People here are apparently unfamiliar with the technical
assistance provisions in the US export regs. I am still pursuing my
export attorney leads in order to get for the group some guidelines
regarding accepting submissions from US persons. I am quite certain
that these guidelines will bar acceptance of contributions similar to
Jeffrey's, as every export lawyer I know would claim that Jeffrey's
post was export restricted.
> Anonymous wrote:
> >
> > Jeffrey Altman <[EMAIL PROTECTED]> said:
> > > These changes make it easier to configure OpenSSL on Windows.
> > >
> > > crypto/x509/x509_def.c:
> > > 67c68,71
> > > ...
> >
> > Jeff has stated on the mailing list that he's a U.S. citizen.
> > What happens now? The changes have been submitted by a U.S. person.
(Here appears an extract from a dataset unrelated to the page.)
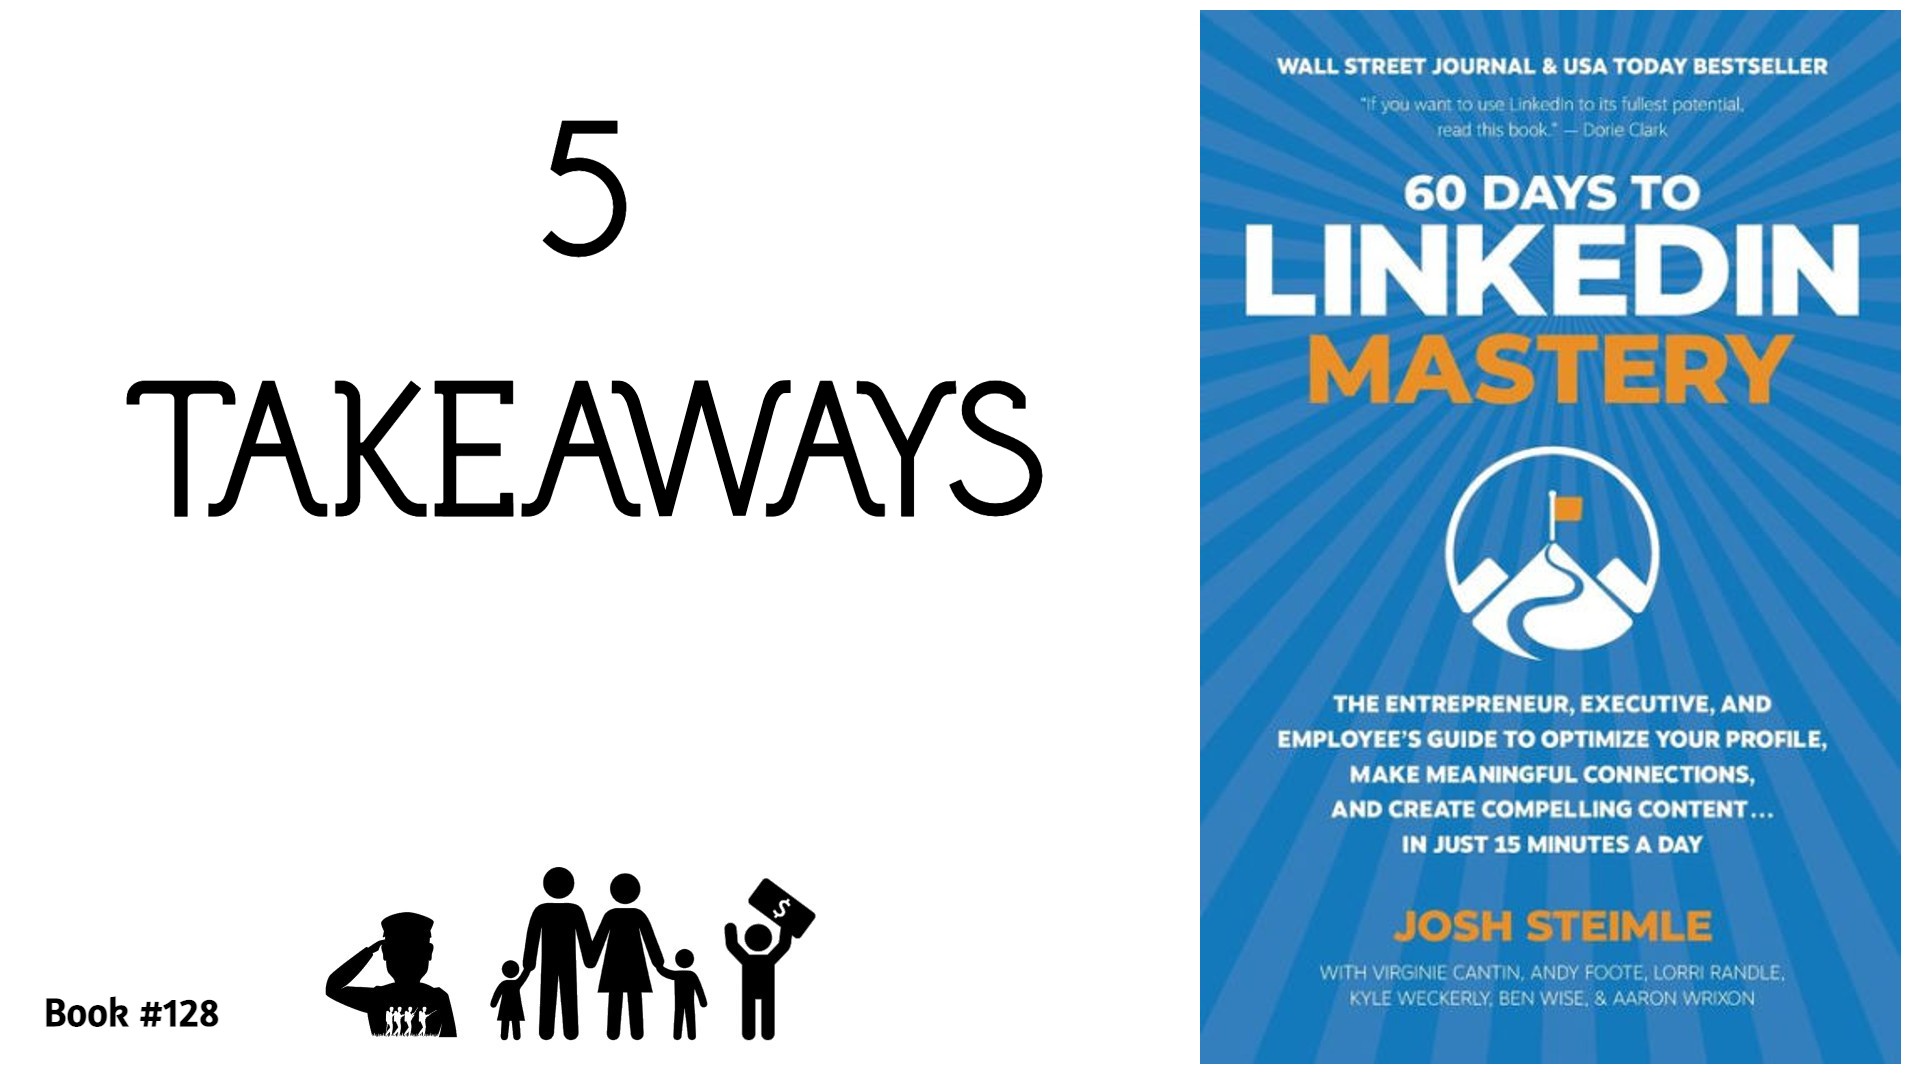 5 Takeaways from “60 Days to LinkedIn Mastery”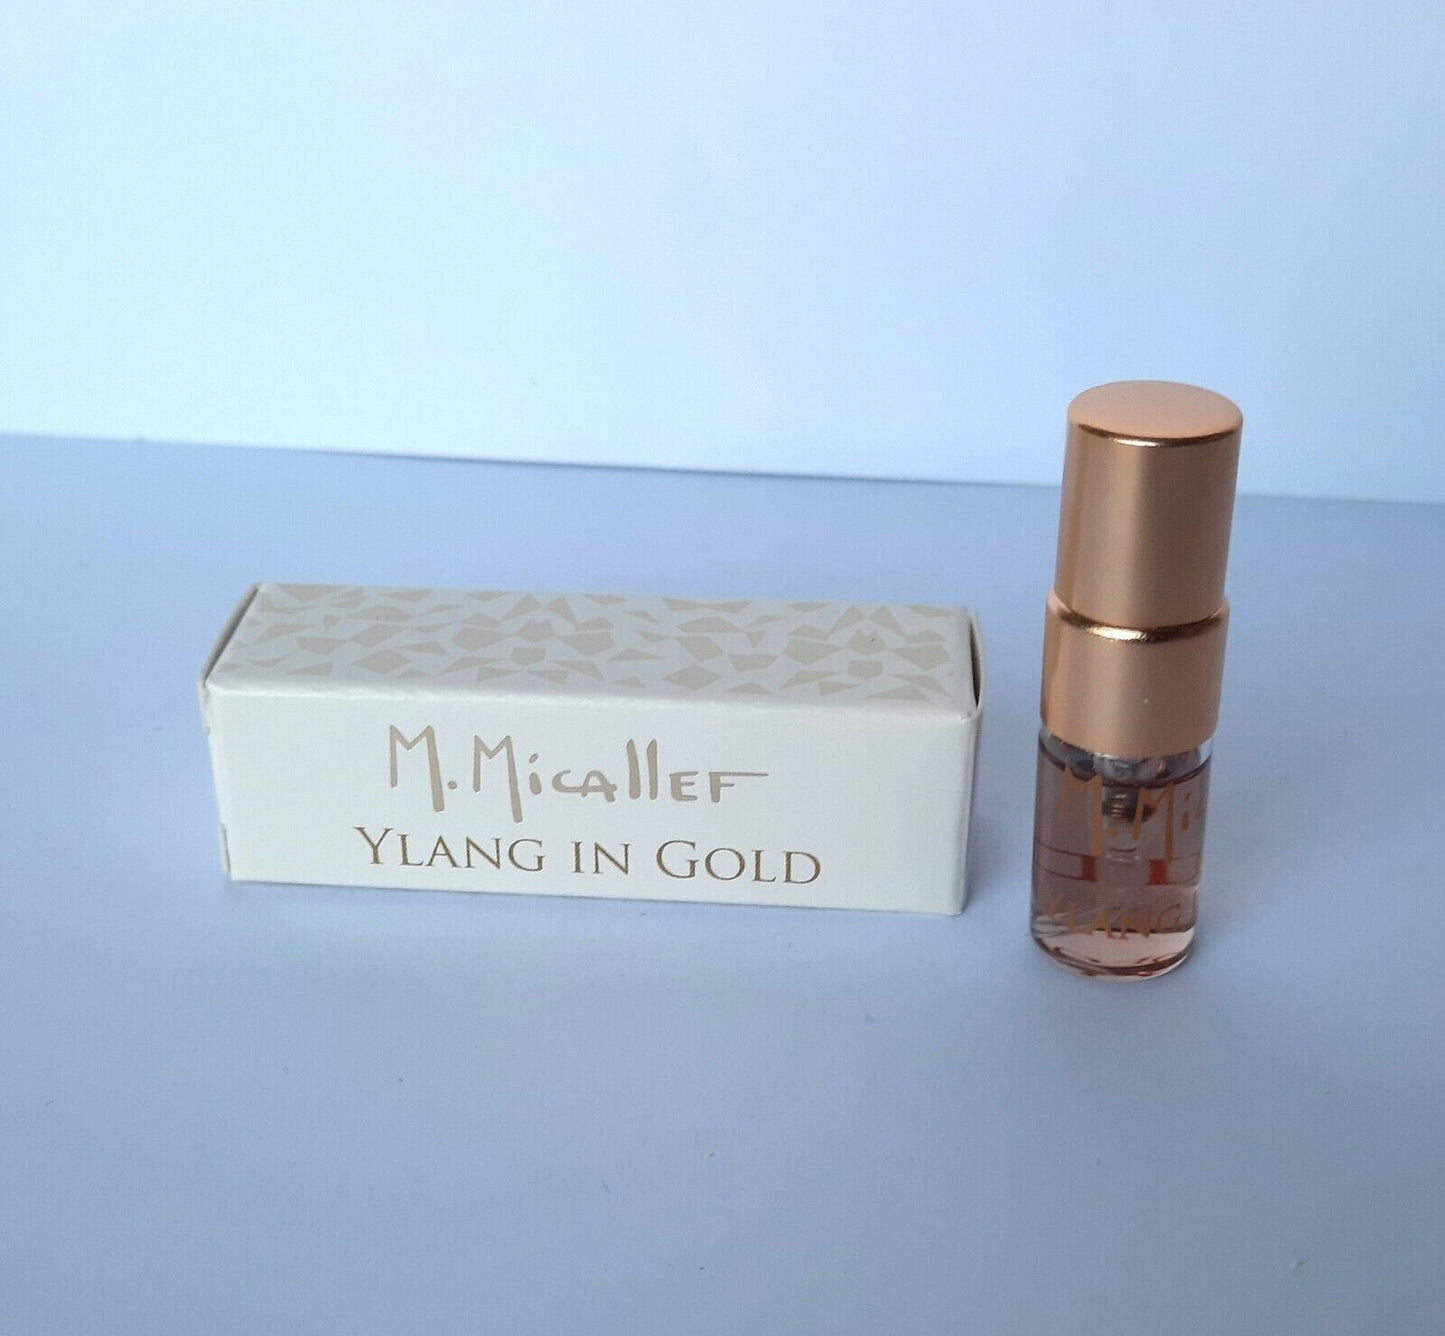 M. Micallef Ylang in Gold 2ml 0.06 Fl. Oz. hivatalos parfümminta

> > Is it verboten to put them in? Or do they have to be provably
> > independently discovered? Hmm... a denial of service attack against
> > open source.
>
> The changes were not to crypto source, so I don't believe there is any
> problem with them.
>
> If someone were to post patches that are thought to be unexportable,
> well, I guess they'd have to be re-engineered. I hope no-one does that.
>
> Cheers,
>
> Ben.
>
> --
> http://www.apache-ssl.org/ben.html
>
> "My grandfather once told me that there are two kinds of people: those
> who work and those who take the credit. He told me to try to be in the
> first group; there was less competition there."